Objectives: This study was designed to investigate the impact of percutaneous coronary interventions (PCIs) in degenerated saphenous vein grafts (SVGs) without distal embolic protection.
Background: Distal embolic protection devices have been shown to reduce the incidence of no reflow/slow flow during PCI of de novo lesions in degenerated SVGs. It is unclear whether PCI of in-stent restenosis (ISR) lesions in degenerated SVGs is associated with no reflow/slow flow and whether distal embolic protection is beneficial in these cases as well.
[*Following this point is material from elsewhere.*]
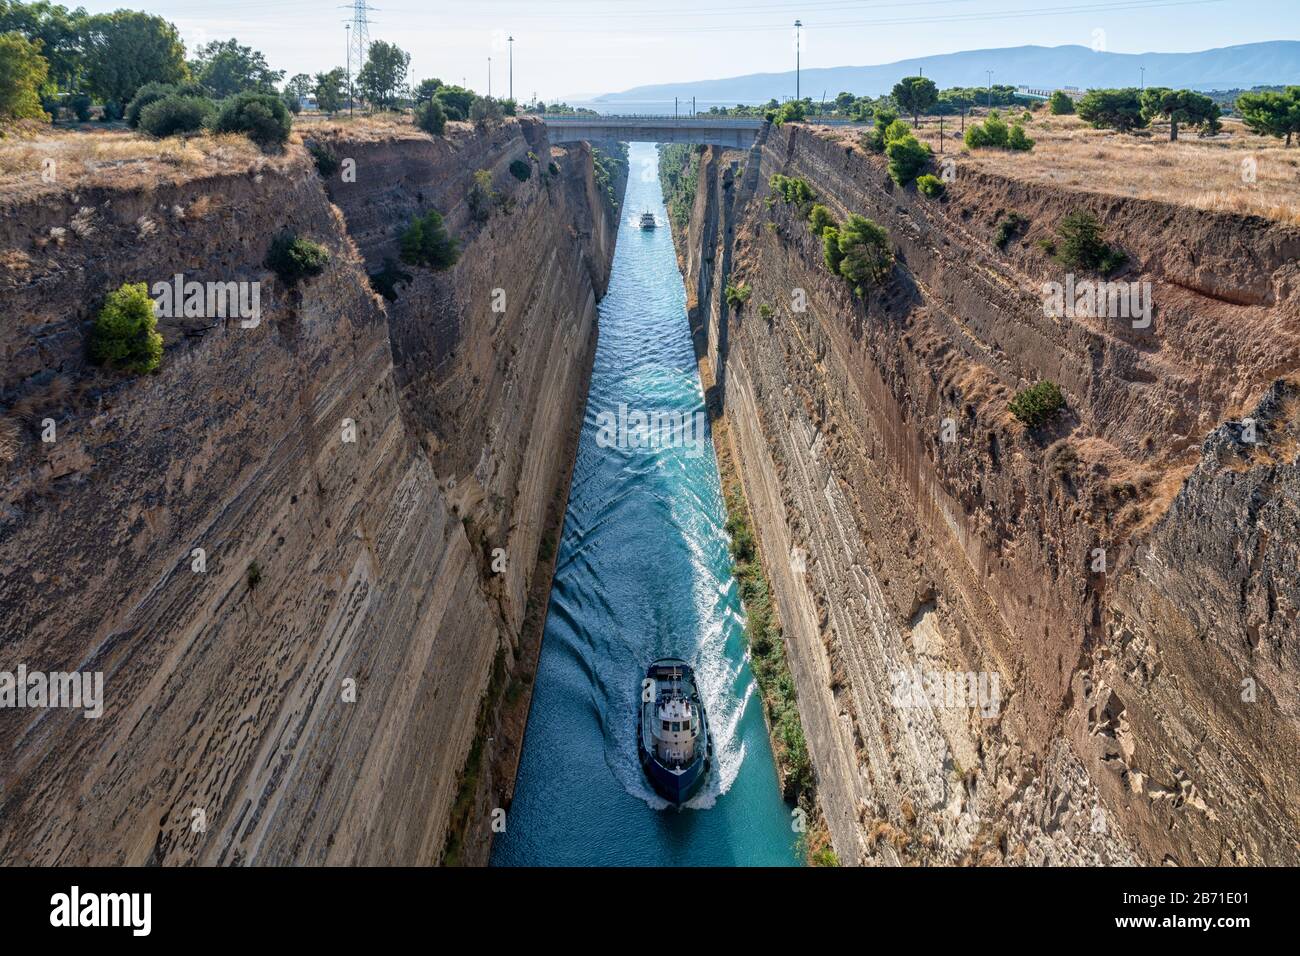 Boats in the Corinth Canal Stock Photo

Methods: We studied 54 consecutive patients with treated ISR lesions in degenerated SVGs who underwent PCI without distal embolic protection in a single center. Procedural and in-hospital outcomes were examined. The average age was 71 +/- 8 years; 32% of the patients had diabetes. The mean lesion length was 13 +/- 6 mm and the procedural success rate was 98% (53/54). Cutting balloon angioplasty was used in 46% (25/54) of cases, and a new stent was inserted in 46% (25/54) of patients. Gamma brachytherapy was performed in 19% (10/54) of patients. During the procedure there were no episodes of no reflow/slow flow, and there were no patients with in-hospital Q-wave or non-Q-wave myocardial infarction. There was one in-hospital noncardiac death.
Conclusions: In this consecutive series of patients with ISR of degenerated SVGs undergoing PCI without distal protection, there were no episodes of slow flow/no reflow and no procedure-related myocardial infarctions. It appears that distal embolic protection may not be necessary during PCI of ISR lesions in degenerated SVGs.